TRY IT: In the records below, find the line containing "Jusepe+de+Ribera-1591-1652 (17).jpg" and the line containing "Weiß oder Transparent". Give again exactly those lines and every line between them, omitting the pictures.

DATA FOR REVIEW:

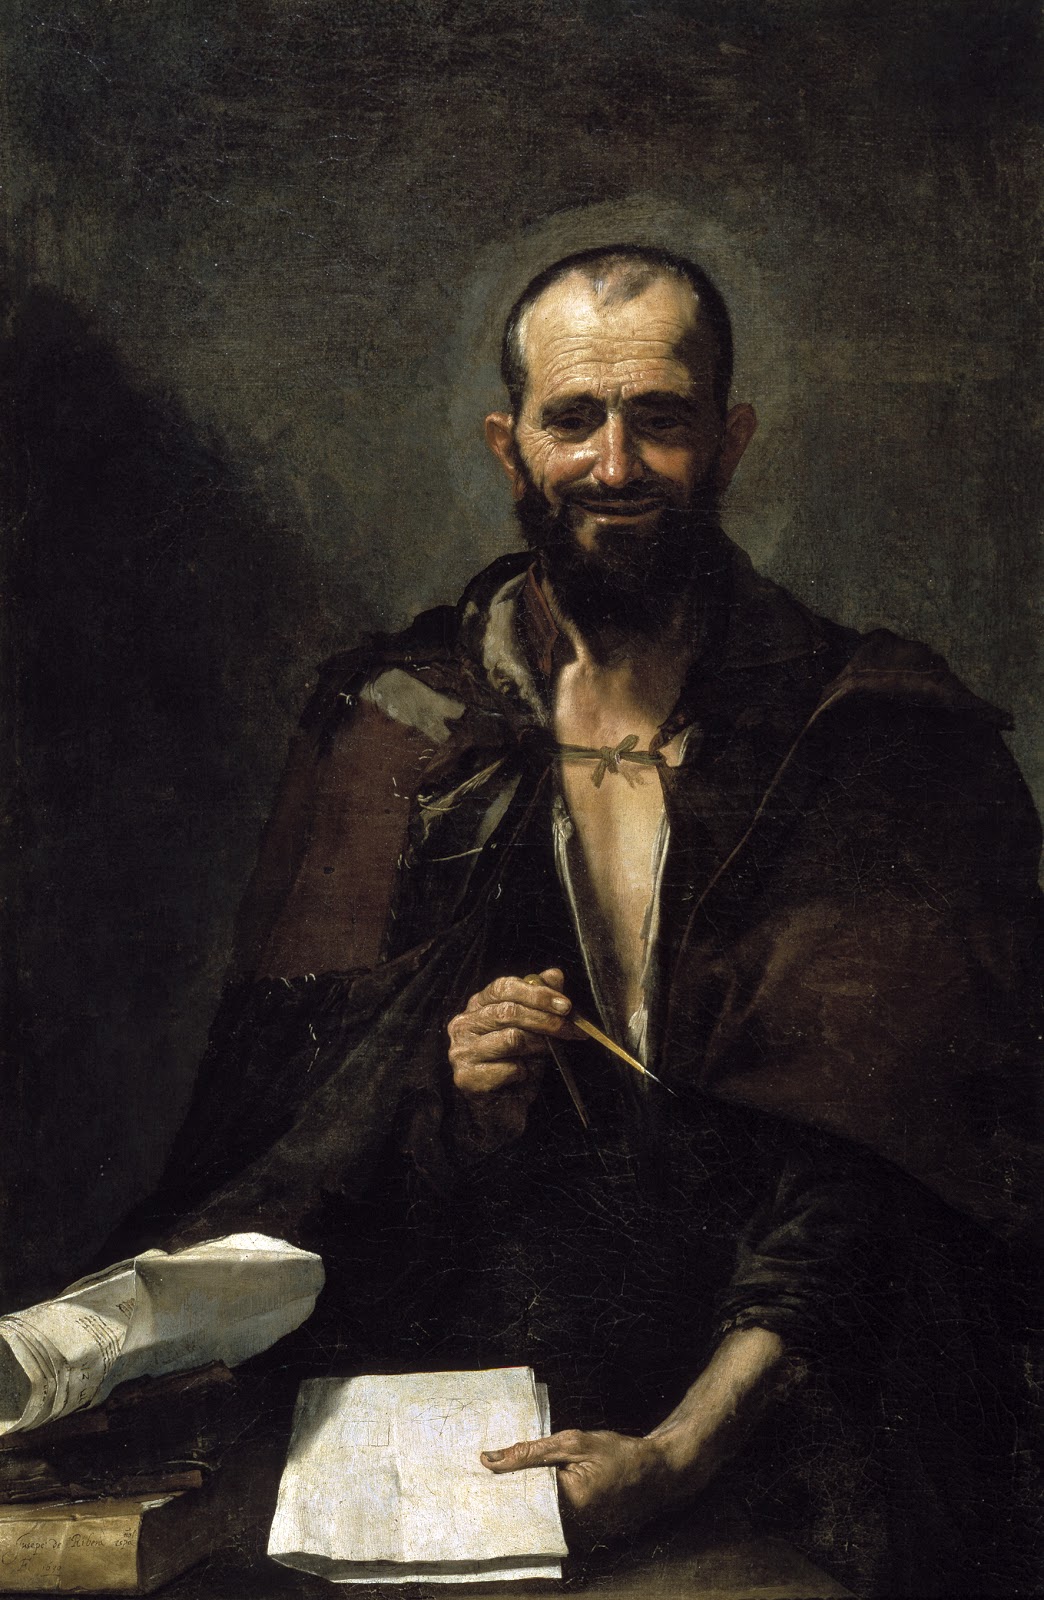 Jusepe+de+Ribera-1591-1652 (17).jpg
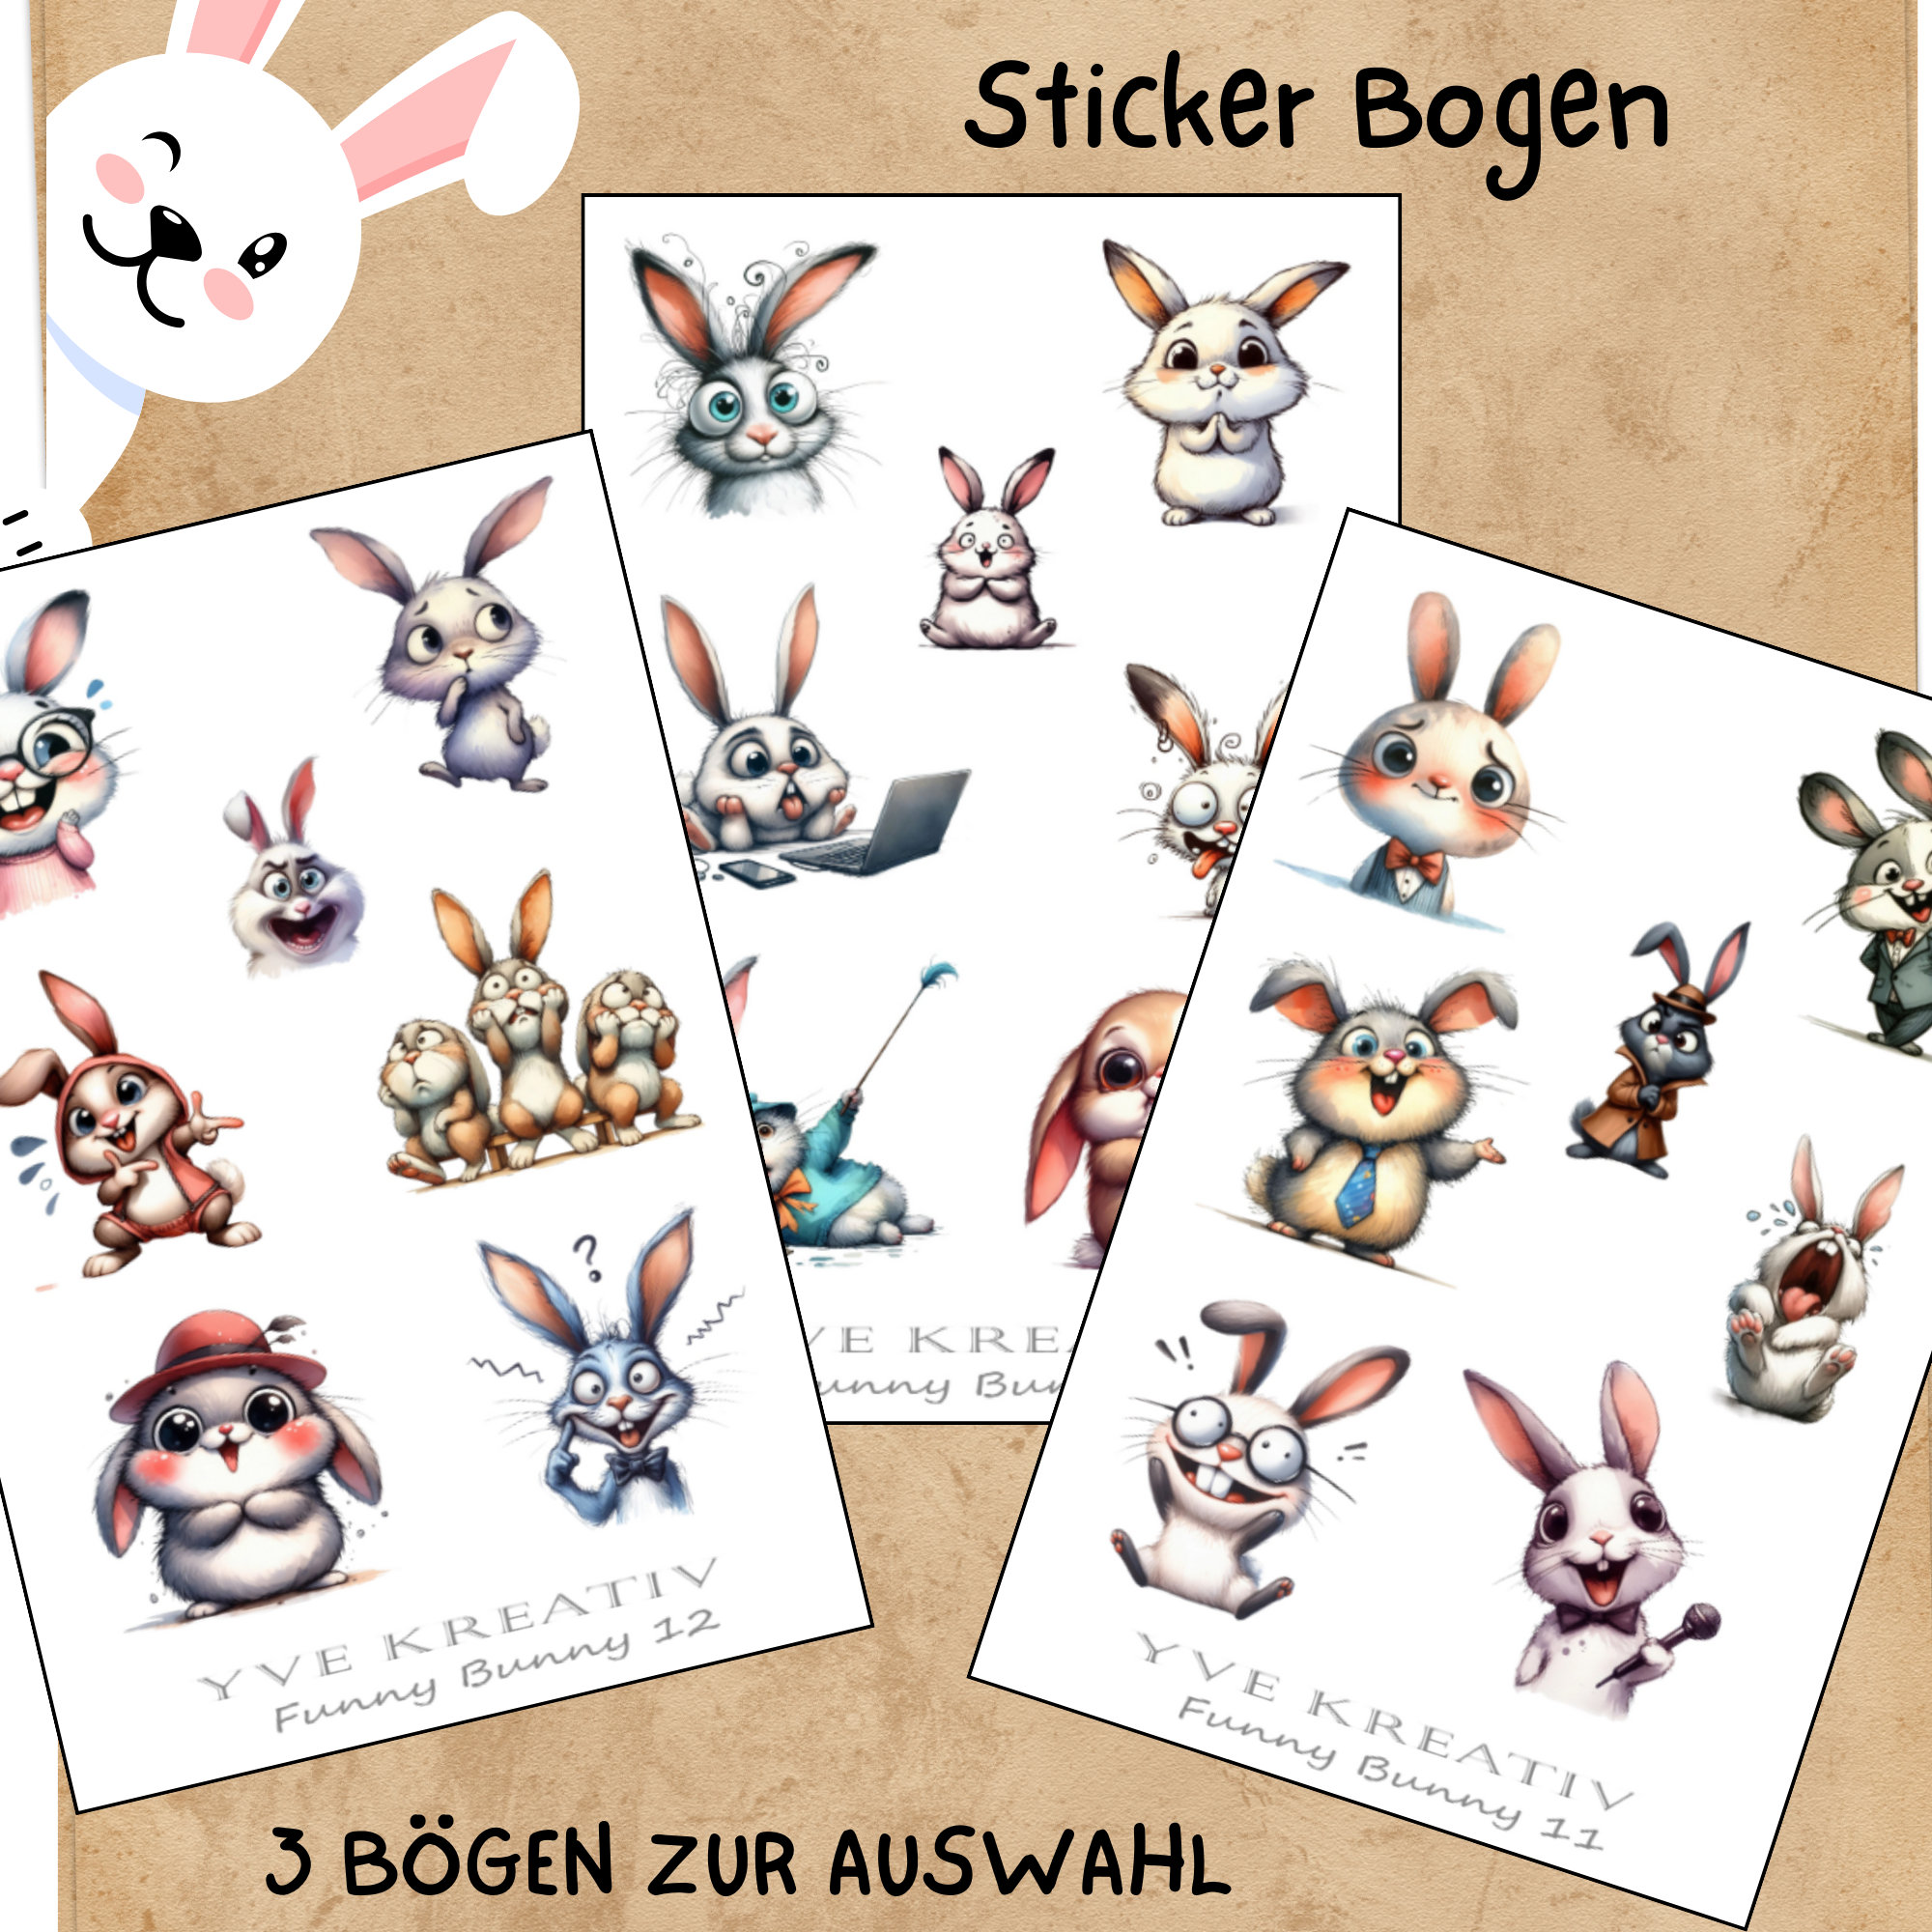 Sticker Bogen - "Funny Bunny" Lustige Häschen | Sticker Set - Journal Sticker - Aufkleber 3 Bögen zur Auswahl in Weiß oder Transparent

==

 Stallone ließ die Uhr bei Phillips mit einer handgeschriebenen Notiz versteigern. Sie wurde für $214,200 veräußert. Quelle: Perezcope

EXPECTED ANSWER:
 Jusepe+de+Ribera-1591-1652 (17).jpg
 Sticker Bogen - "Funny Bunny" Lustige Häschen | Sticker Set - Journal Sticker - Aufkleber 3 Bögen zur Auswahl in Weiß oder Transparent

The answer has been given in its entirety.